Medina Catalina M, Palacios Julia A, Minin Volodymyr M
Department of Statistics, University of California, Irvine, Irvine, California, United States of America.
Departments of Statistics and Biomedical Data Science, Stanford University, Stanford, California, United States of America.
PLoS Comput Biol. 2025 May 6;21(5):e1012970. doi: 10.1371/journal.pcbi.1012970. eCollection 2025 May.
The COVID-19 pandemic demonstrated that fast and accurate analysis of continually collected infectious disease surveillance data is crucial for situational awareness and policy making.

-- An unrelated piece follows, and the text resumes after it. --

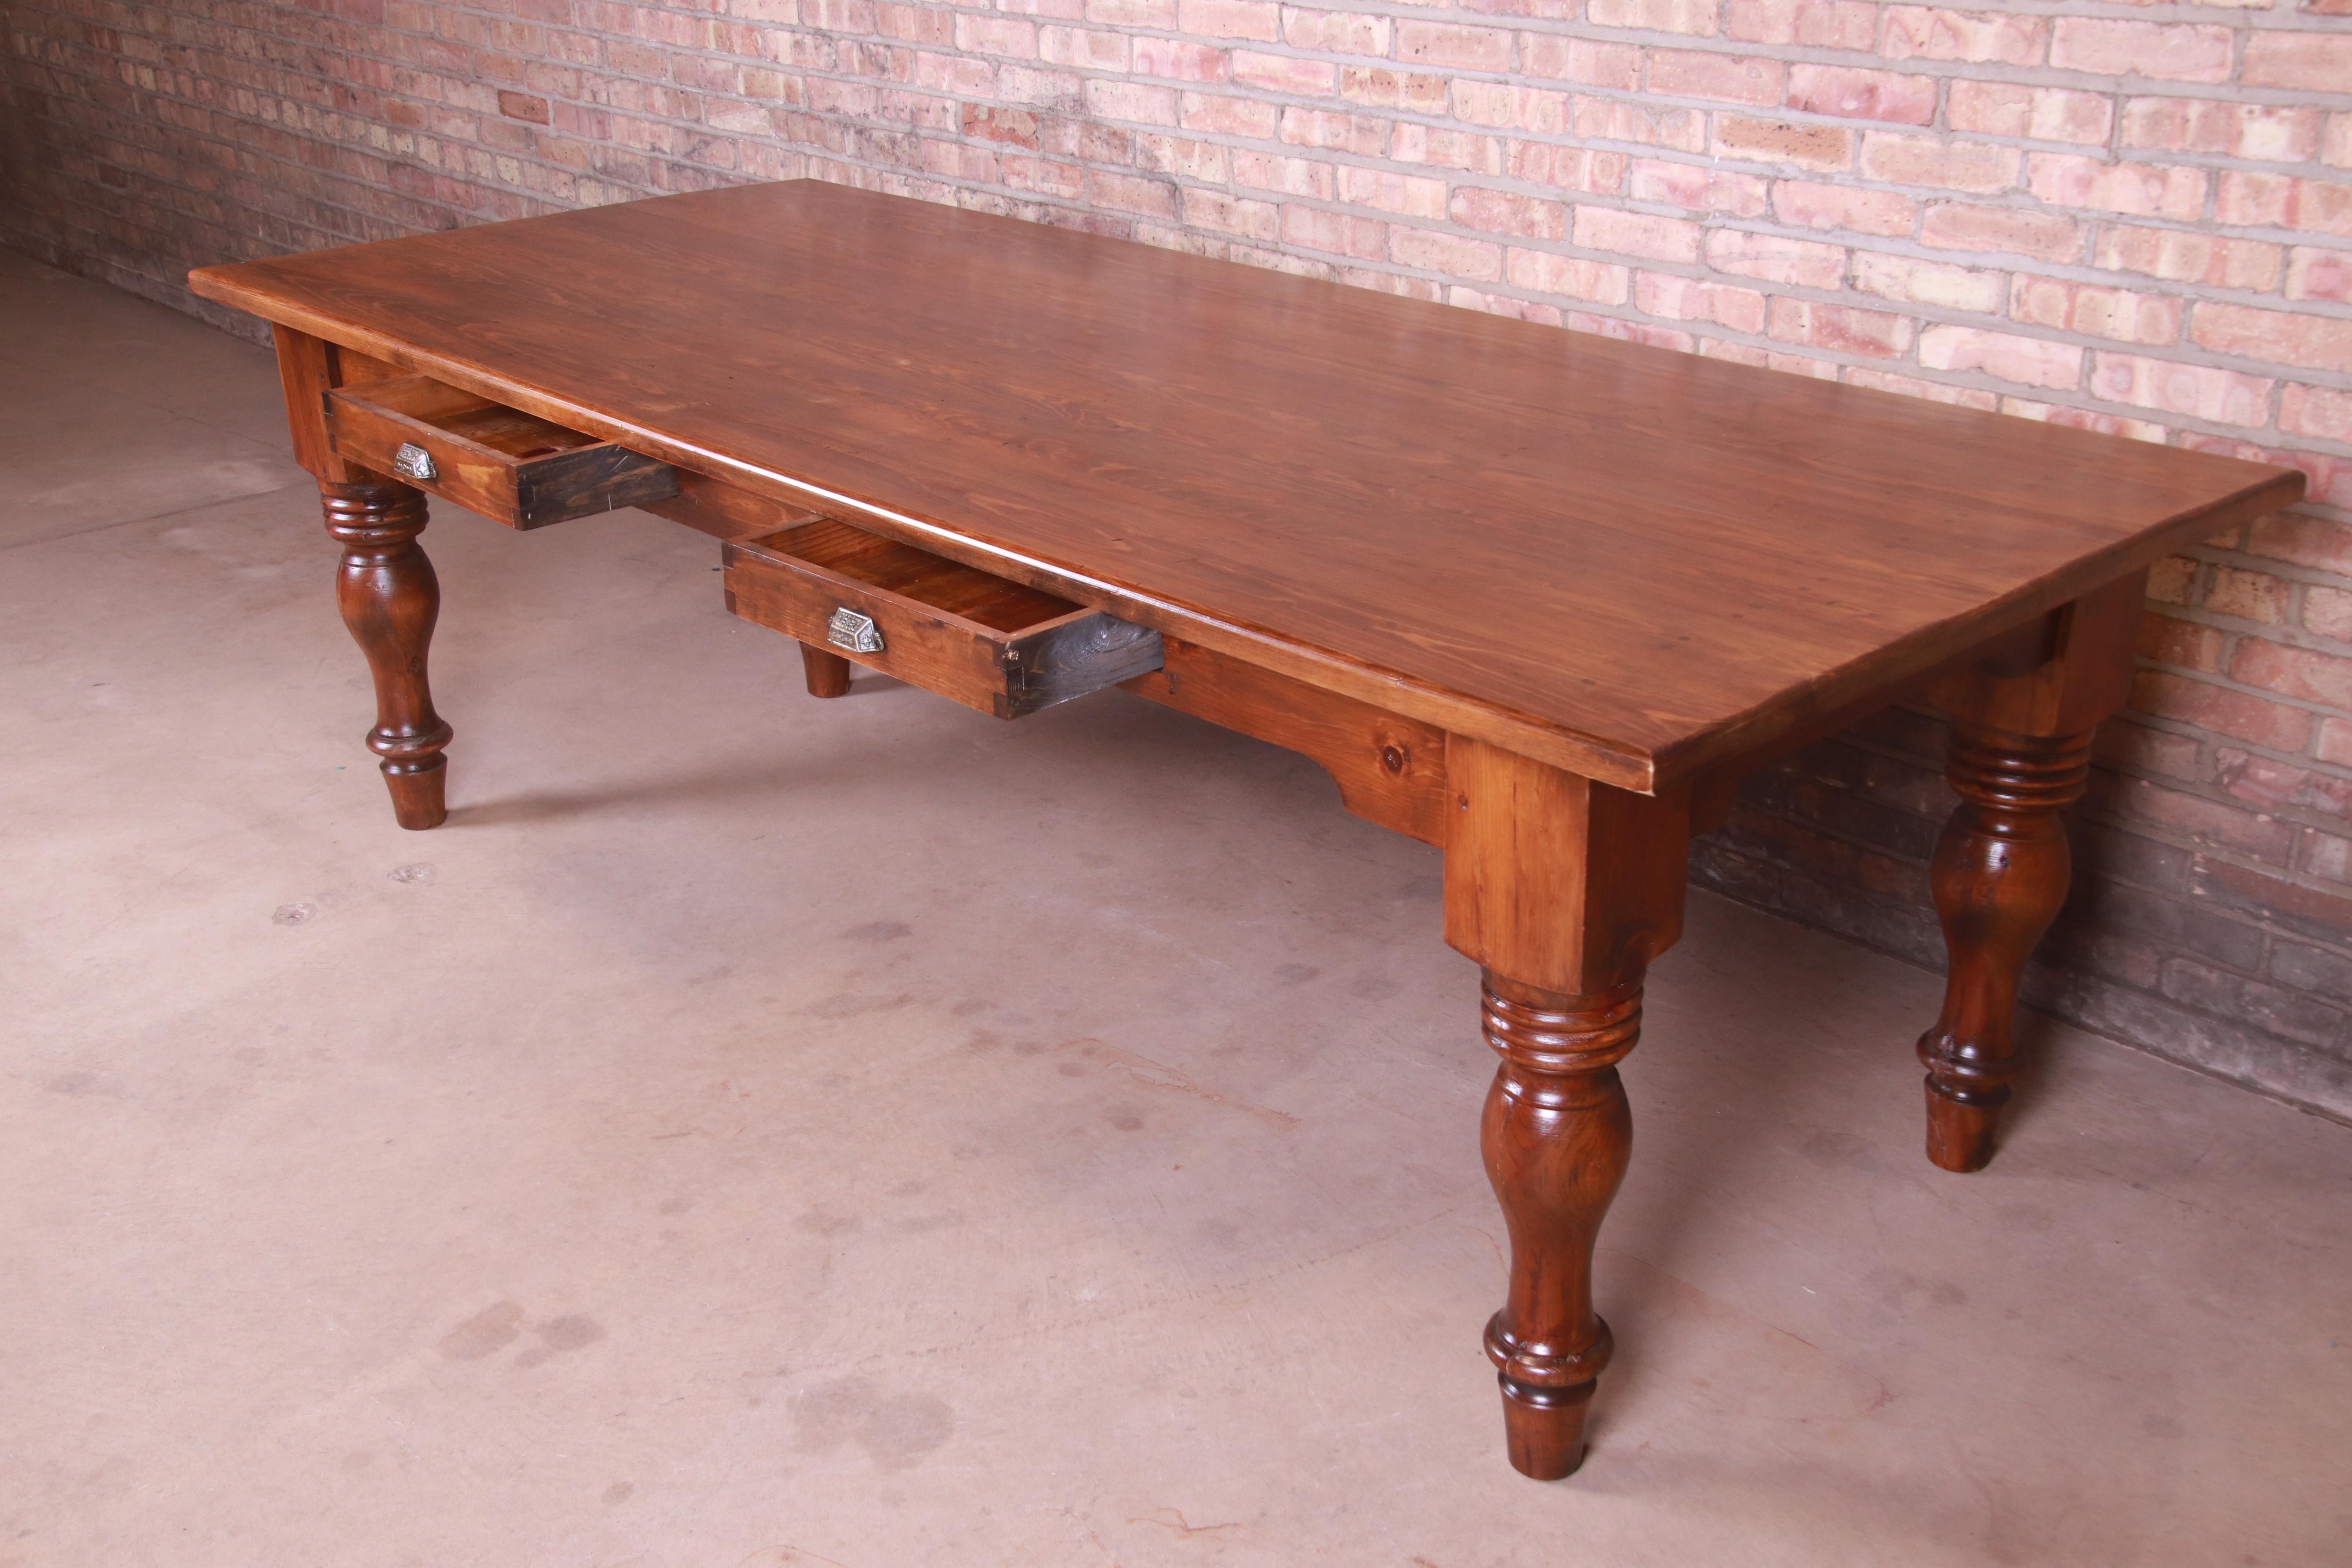 19th Century Rustic Pine American Harvest Farm Table with Drawers 6
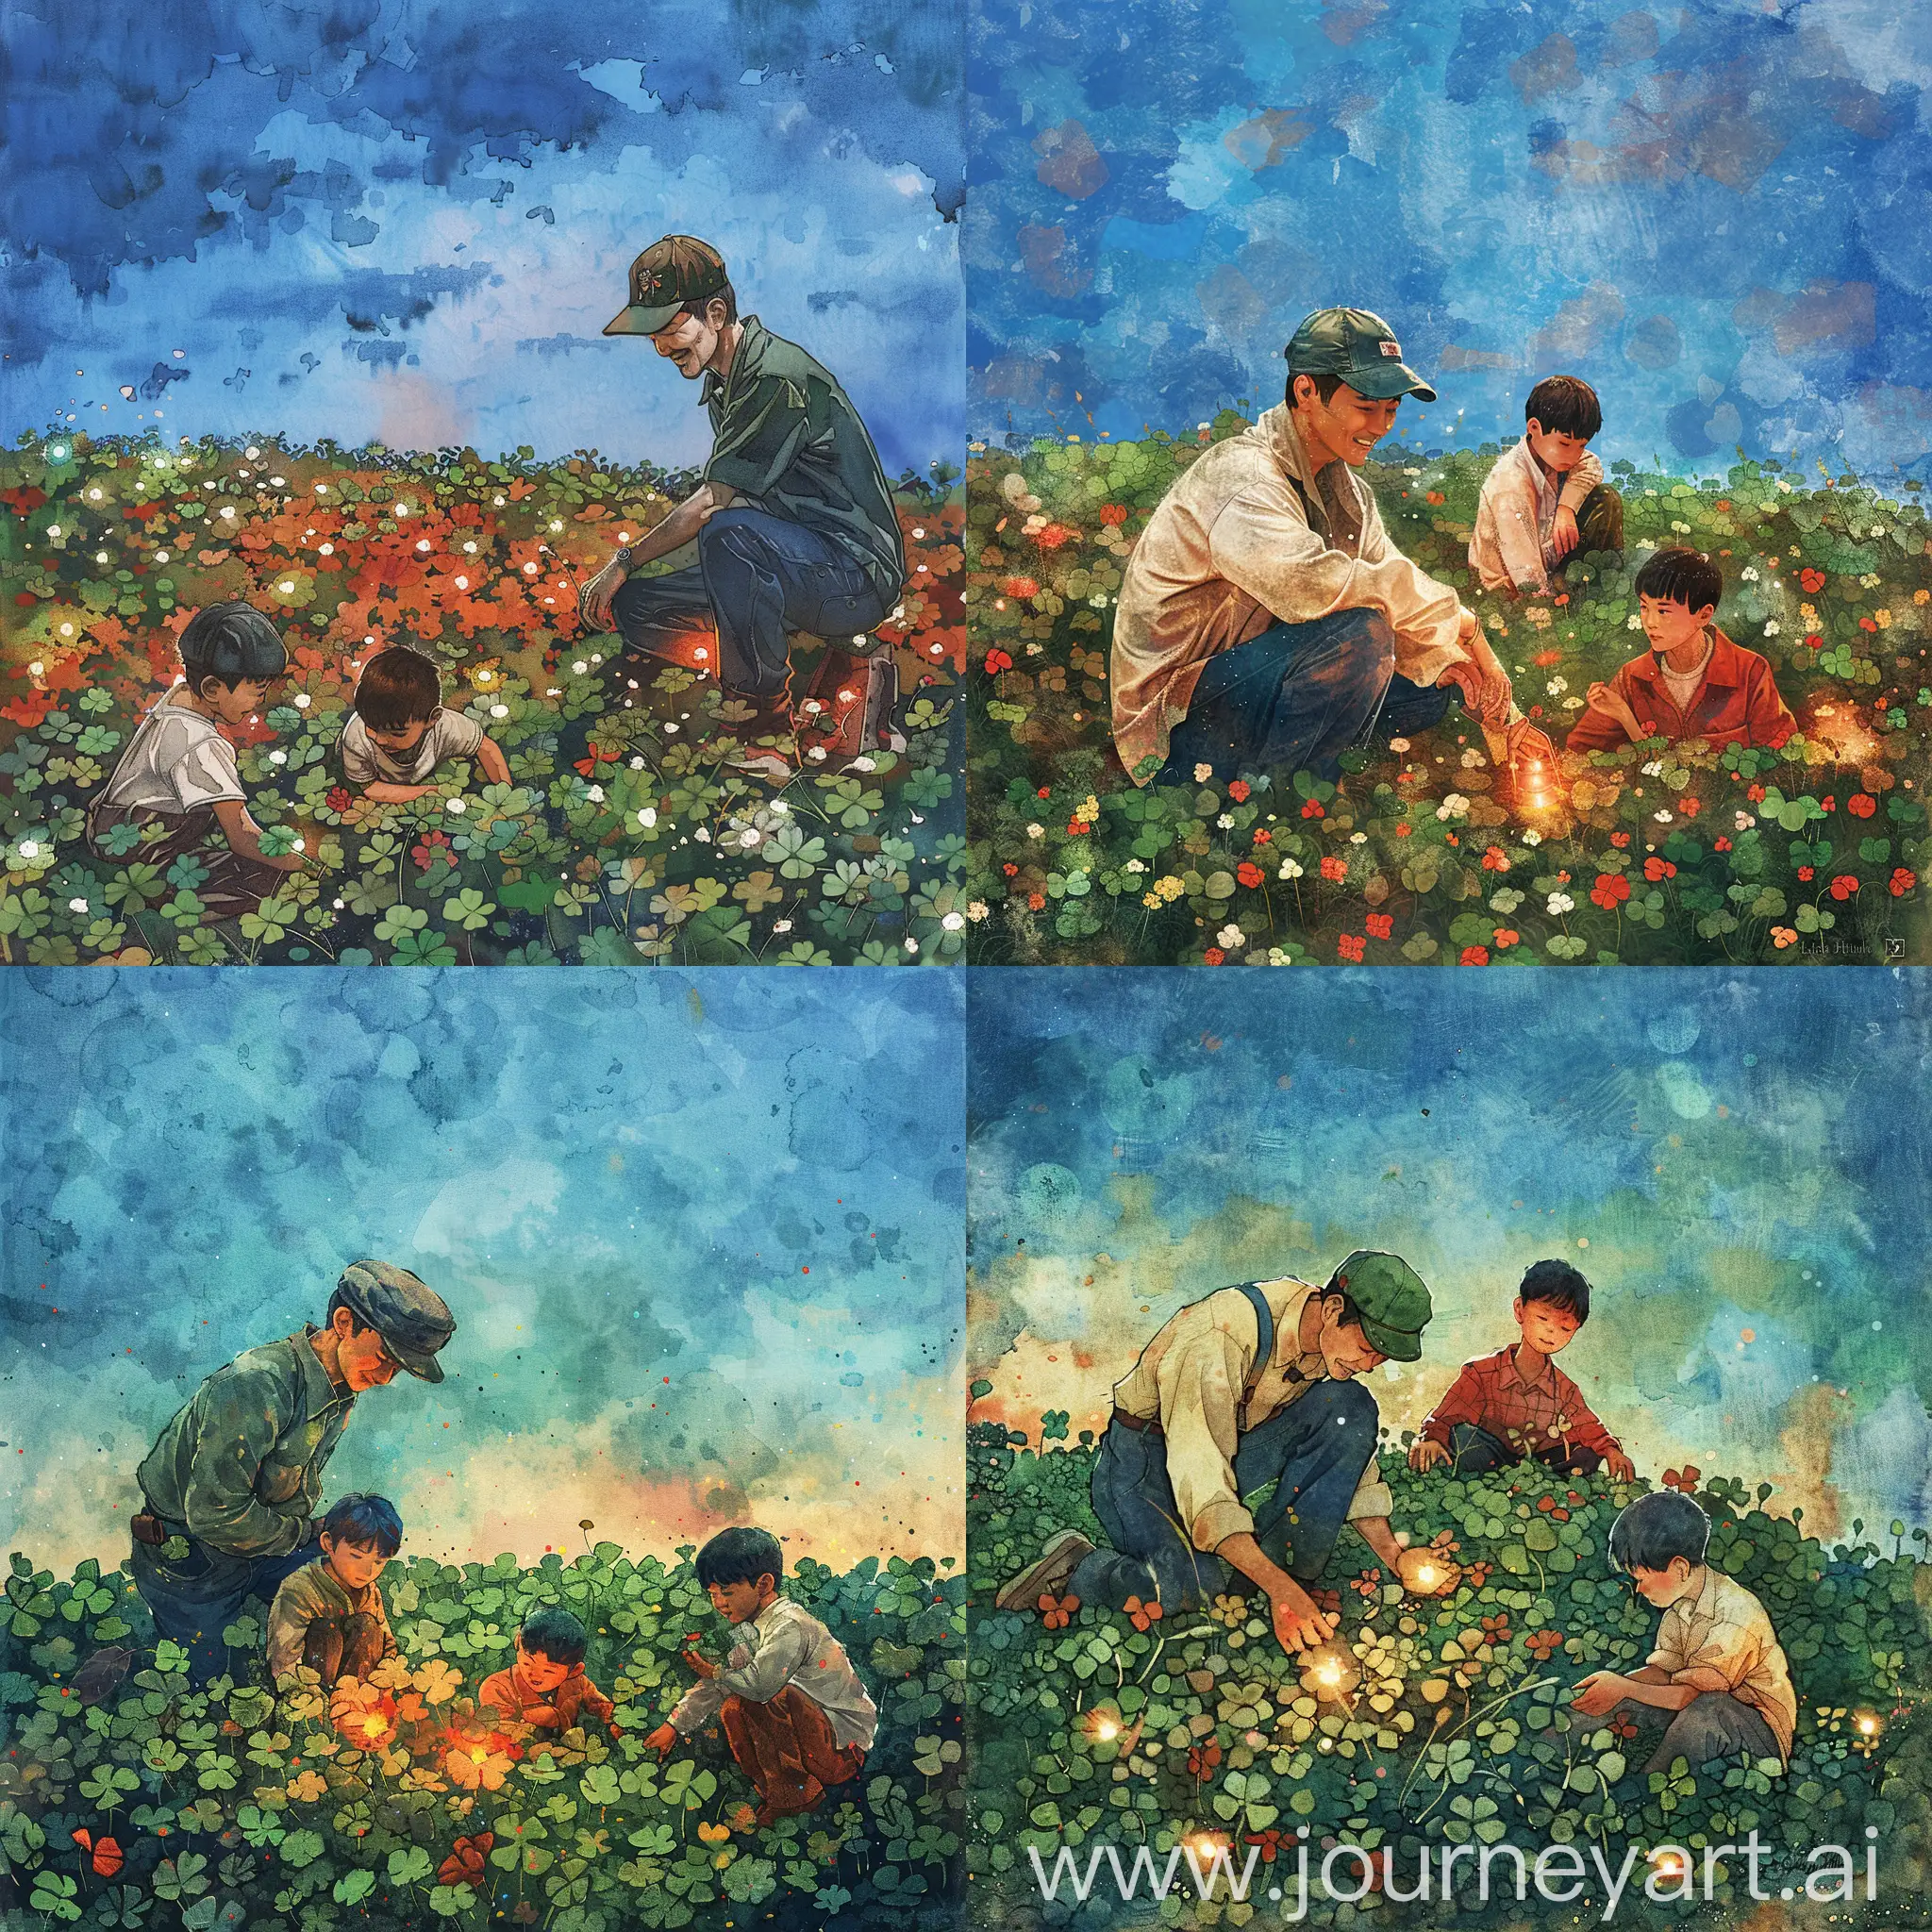 fantasy exploration, 1 adult Korean male explorer on cap, 2 boys of curious Surprised, field full of clover flowers, ((number lamp lights on clover flowers)), sitting around, picking clover, adventure of fantasy characters, illustration, abstract, texture, watercolor, illustrator, hand drawn texture, different colors like reds, oranges, greens, browns, greys, white and black. This scene evokes an atmosphere that feels both dreamy and fantastical, with a blue sky, in the style of an impressionist painter.

Coalescent-based phylodynamic analysis can use genetic sequences of a pathogen to estimate changes in its effective population size, a measure of genetic diversity. These changes in effective population size can be connected to the changes in the number of infections in the population of interest under certain conditions. Phylodynamics is an important set of tools because its methods are often resilient to the ascertainment biases present in traditional surveillance data (e.g., preferentially testing symptomatic individuals). Unfortunately, it takes weeks or months to sequence and deposit the sampled pathogen genetic sequences into a database, making them available for such analyses. These reporting delays severely decrease precision of phylodynamic methods closer to present time, and for some models can lead to extreme biases. Here we present a method that affords reliable estimation of the effective population size trajectory closer to the time of data collection, allowing for policy decisions to be based on more recent data. Our work uses readily available historic times between sampling and reporting of sequenced samples for a population of interest, and incorporates this information into the sampling model to mitigate the effects of reporting delay in real-time analyses. We illustrate our methodology on simulated data and on SARS-CoV-2 sequences collected in the state of Washington in 2021.
新冠疫情表明,对持续收集的传染病监测数据进行快速准确的分析对于态势感知和政策制定至关重要。基于溯祖理论的系统发育动力学分析可以利用病原体的基因序列来估计其有效种群大小的变化,有效种群大小是衡量遗传多样性的一个指标。在某些条件下,有效种群大小的这些变化可以与目标人群中感染数量的变化联系起来。系统发育动力学是一组重要的工具,因为其方法通常能抵御传统监测数据中存在的确定偏差(例如,优先检测有症状的个体)。不幸的是,对采样的病原体基因序列进行测序并存入数据库需要数周或数月时间,才能用于此类分析。这些报告延迟严重降低了系统发育动力学方法在接近当前时间时的精度,并且对于某些模型可能导致极端偏差。在此,我们提出一种方法,能够在更接近数据收集时间时可靠地估计有效种群大小轨迹,从而使政策决策能够基于更新的数据。我们的工作利用了目标人群中已测序样本在采样和报告之间随时可用的历史时间,并将此信息纳入采样模型,以减轻实时分析中报告延迟的影响。我们在模拟数据以及2021年在华盛顿州收集的严重急性呼吸综合征冠状病毒2(SARS-CoV-2)序列上展示了我们的方法。